Work instructions>
Your task is to reproduce the listing exactly, without its images.

Extracted entries>
====
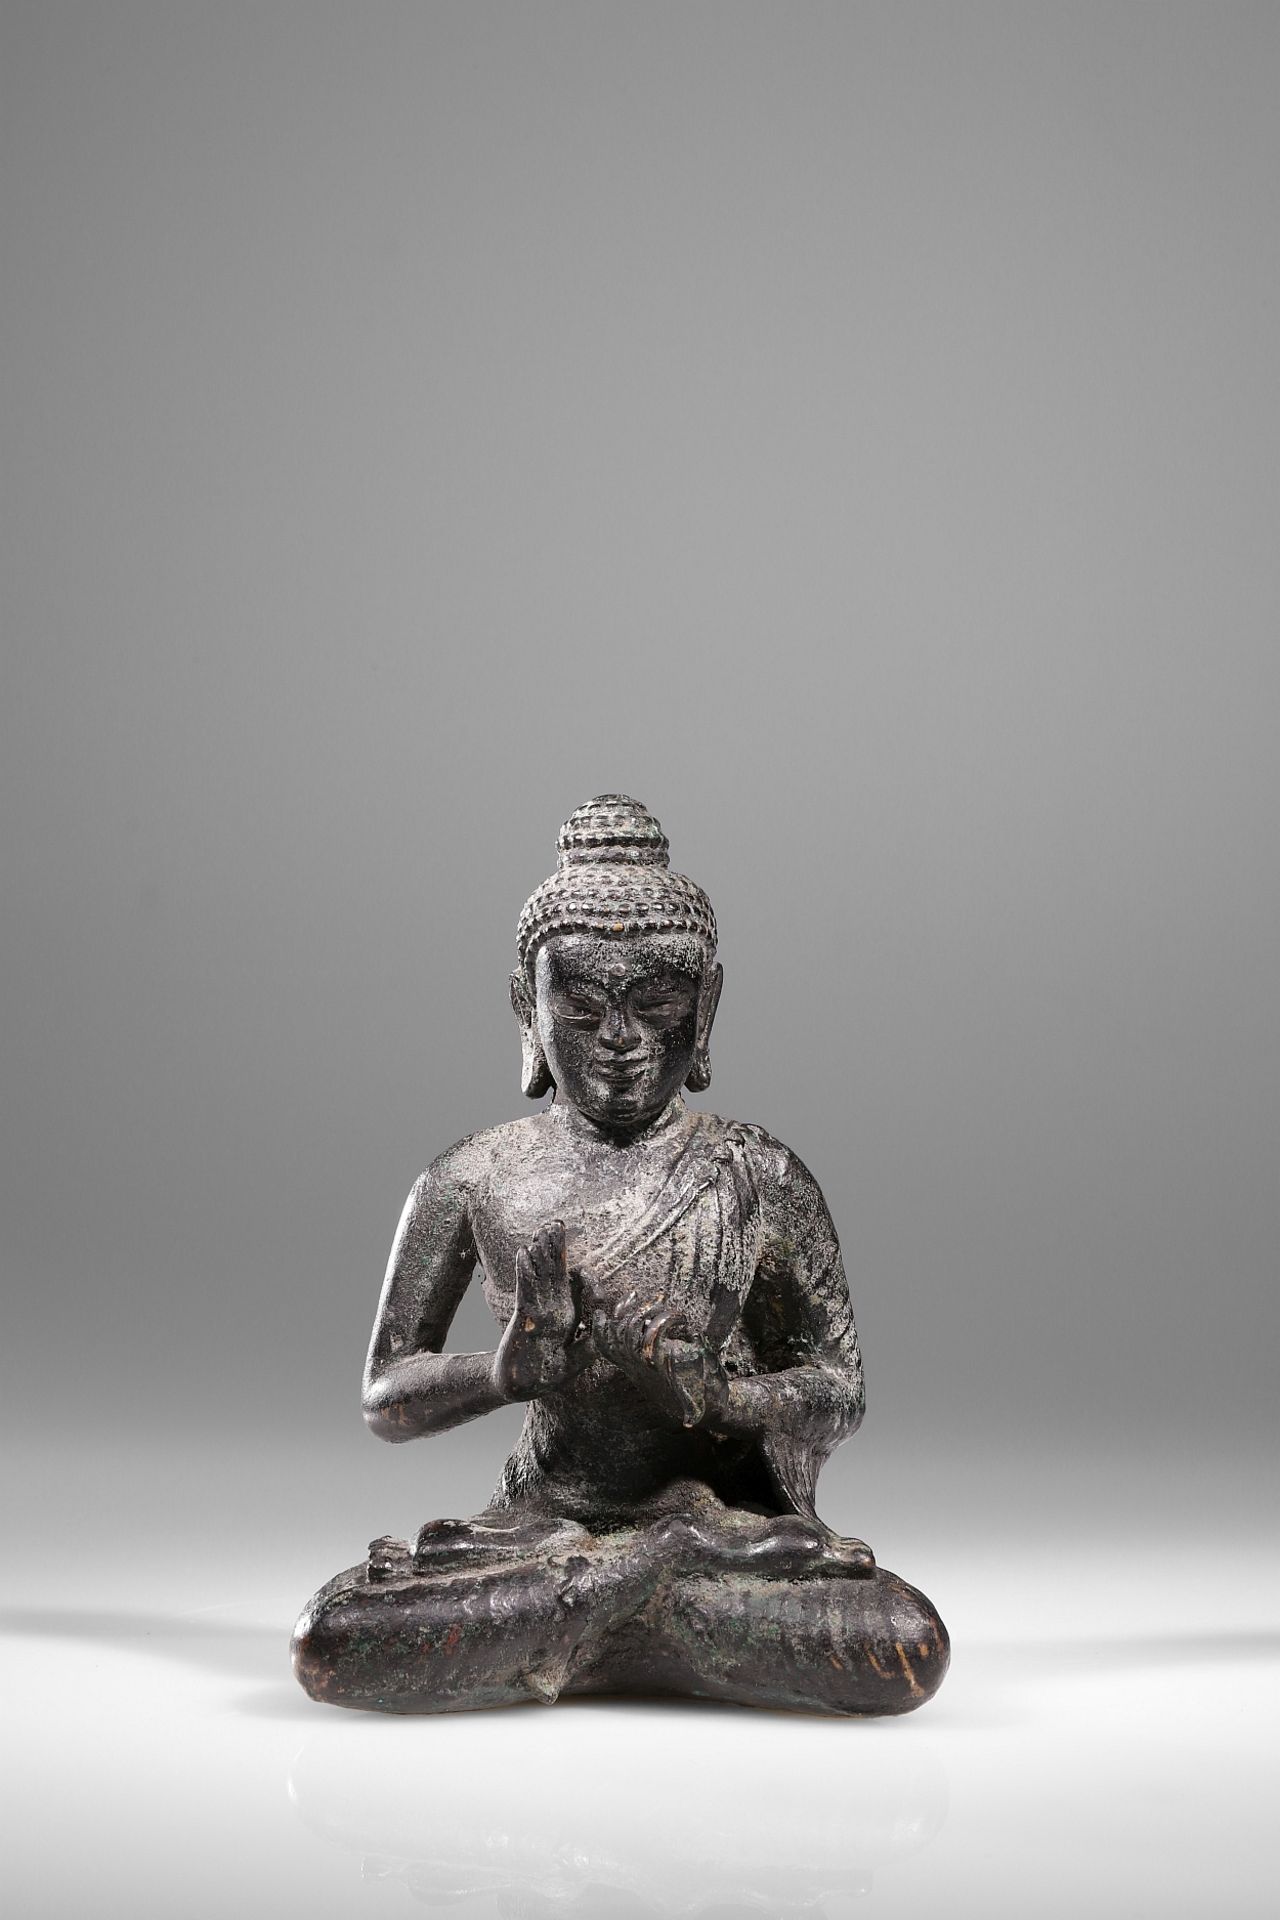 BUDDHA SHOWING THE DHARMACHAKRA MUDRA
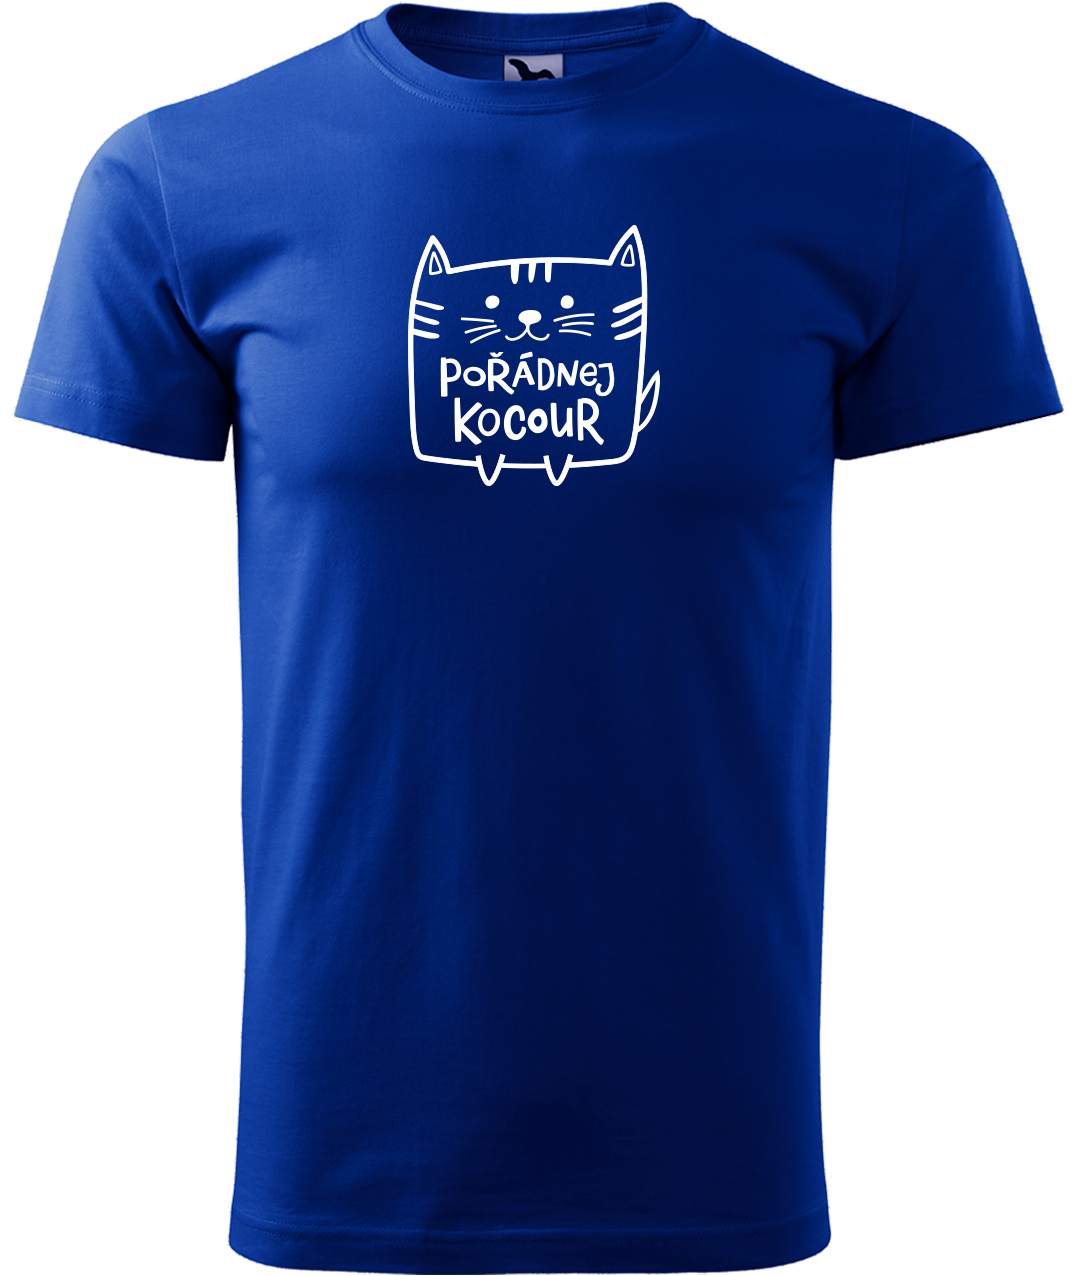 Pánské tričko s kočkou - Pořádnej kocour Velikost: M, Barva: Královská modrá (05)
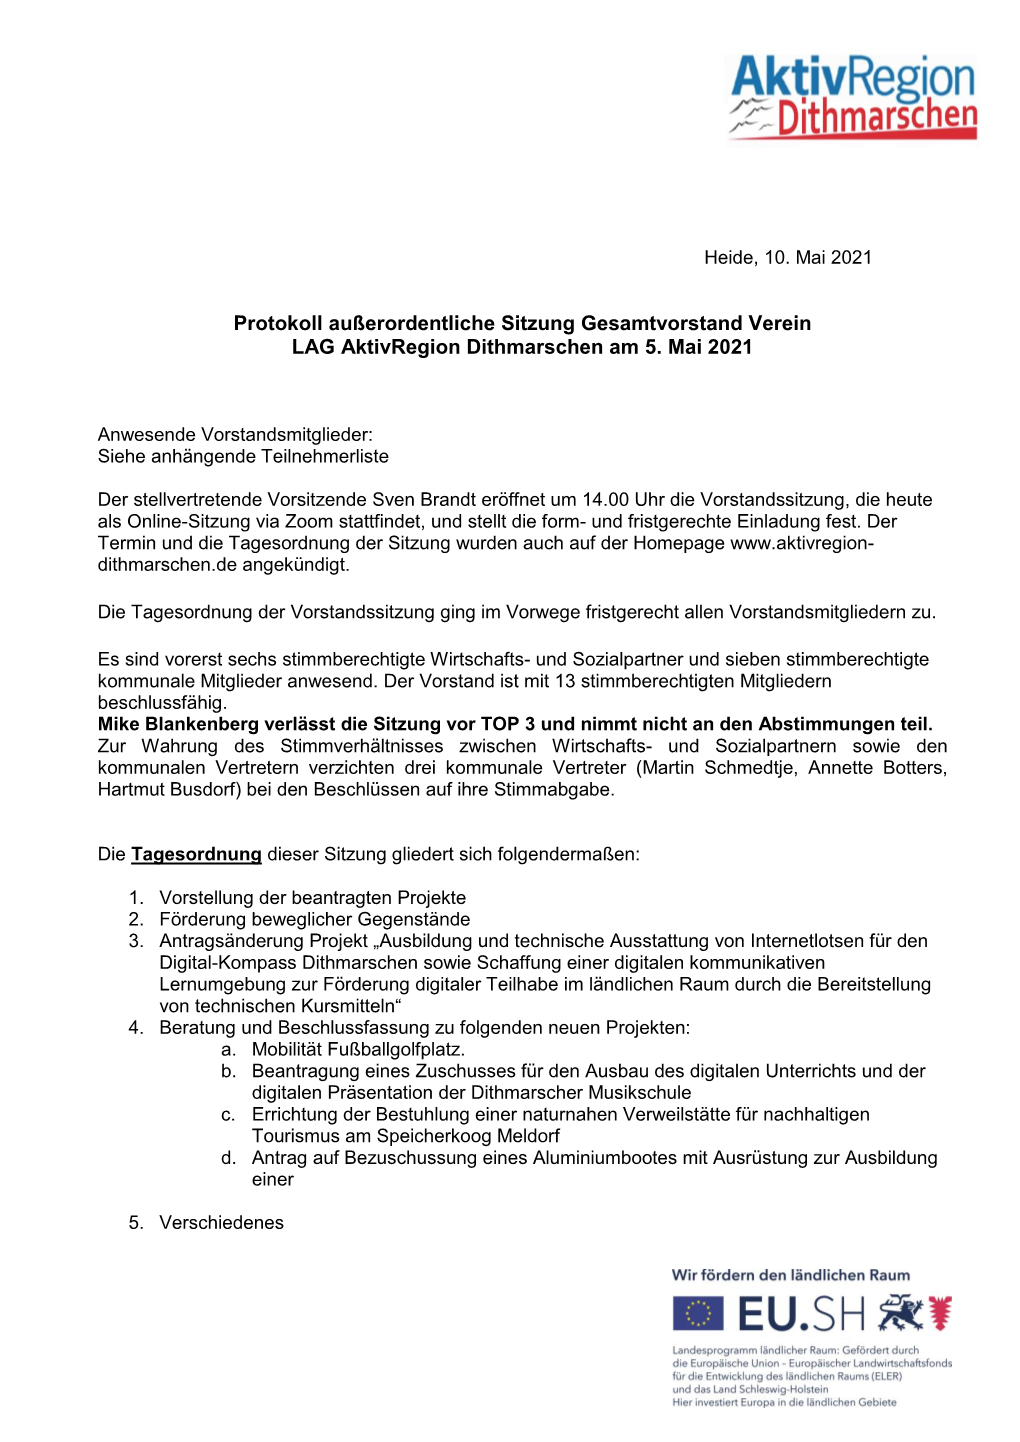 Protokoll Außerordentliche Sitzung Gesamtvorstand Verein LAG Aktivregion Dithmarschen Am 5
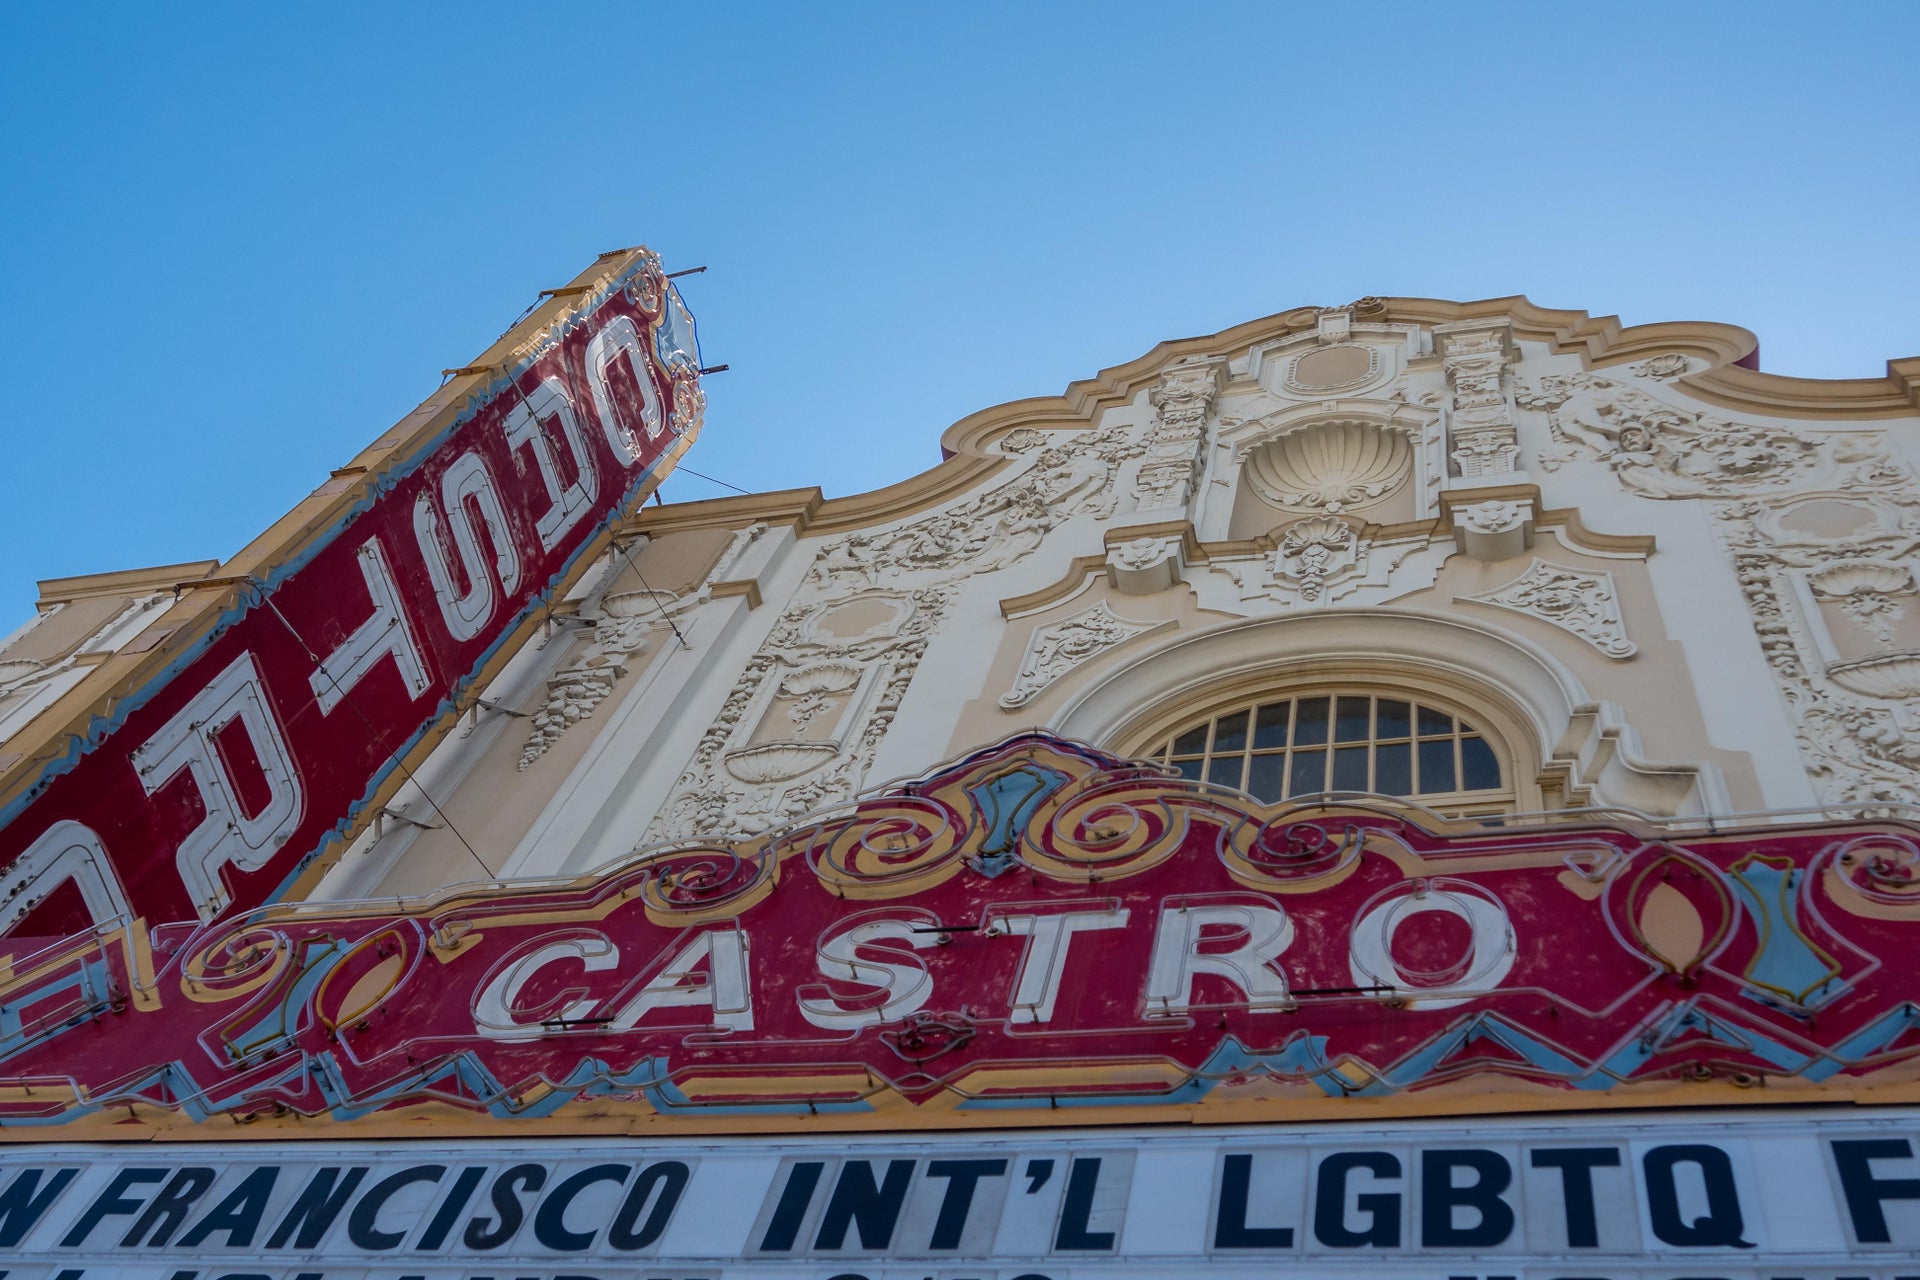 The Castro & Mission District Free Tour
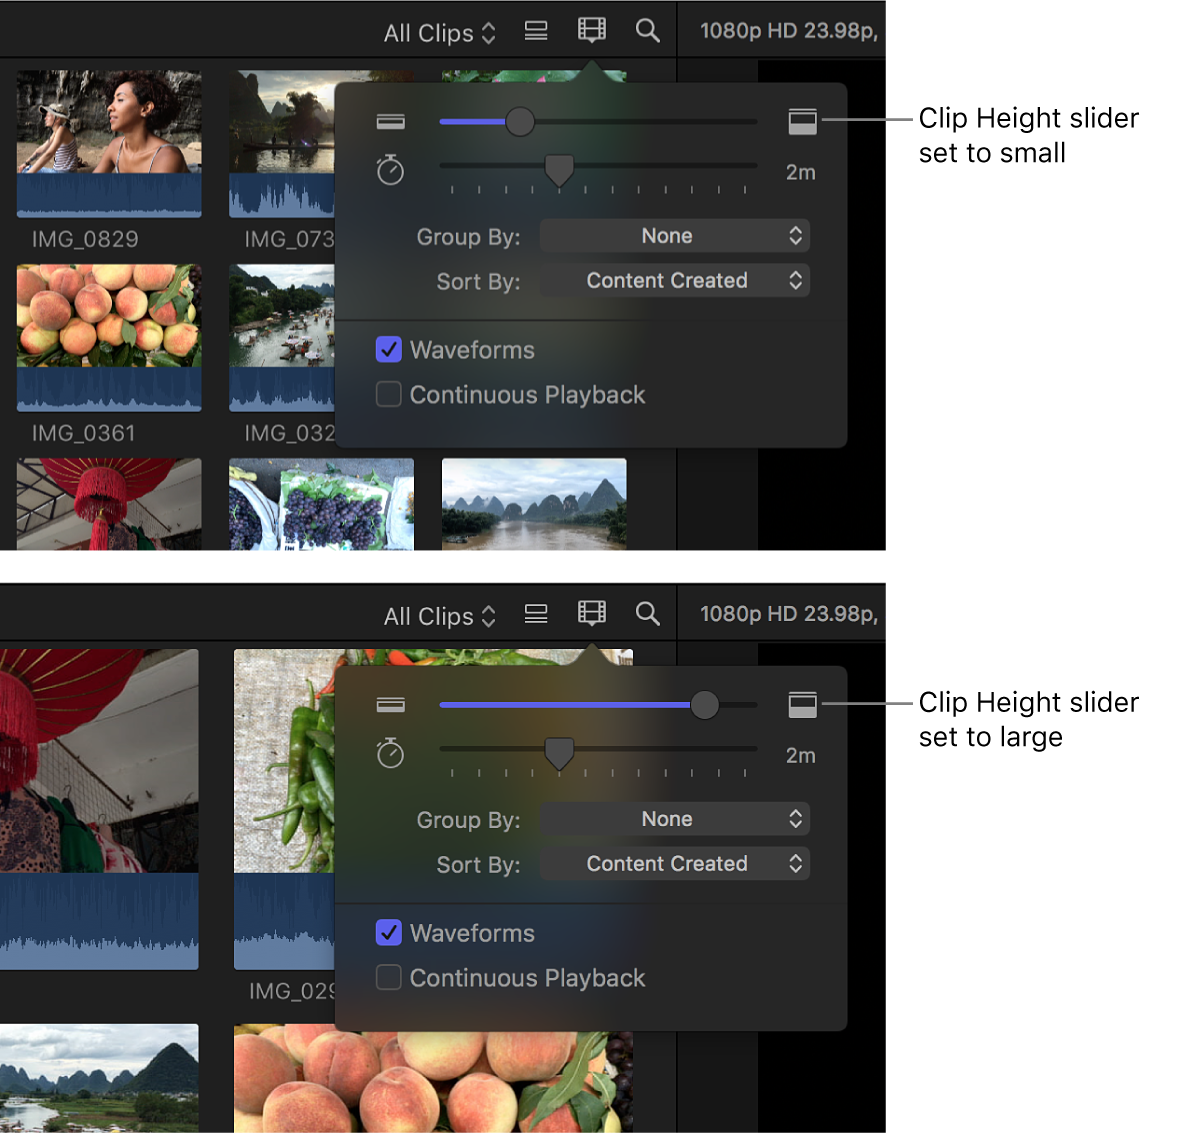 클립 높이 슬라이더를 사용하여 필름 스트립 높이를 변경하기 전과 후의 브라우저 필름 스트립
====
Reply>
 BUDDHA SHOWING THE DHARMACHAKRA MUDRA
 Pánské tričko s kočkou - Pořádnej kocour Velikost: M, Barva: Královská modrá (05)
 Protokoll Außerordentliche Sitzung Gesamtvorstand Verein LAG Aktivregion Dithmarschen Am 5
 The Castro & Mission District Free Tour
 클립 높이 슬라이더를 사용하여 필름 스트립 높이를 변경하기 전과 후의 브라우저 필름 스트립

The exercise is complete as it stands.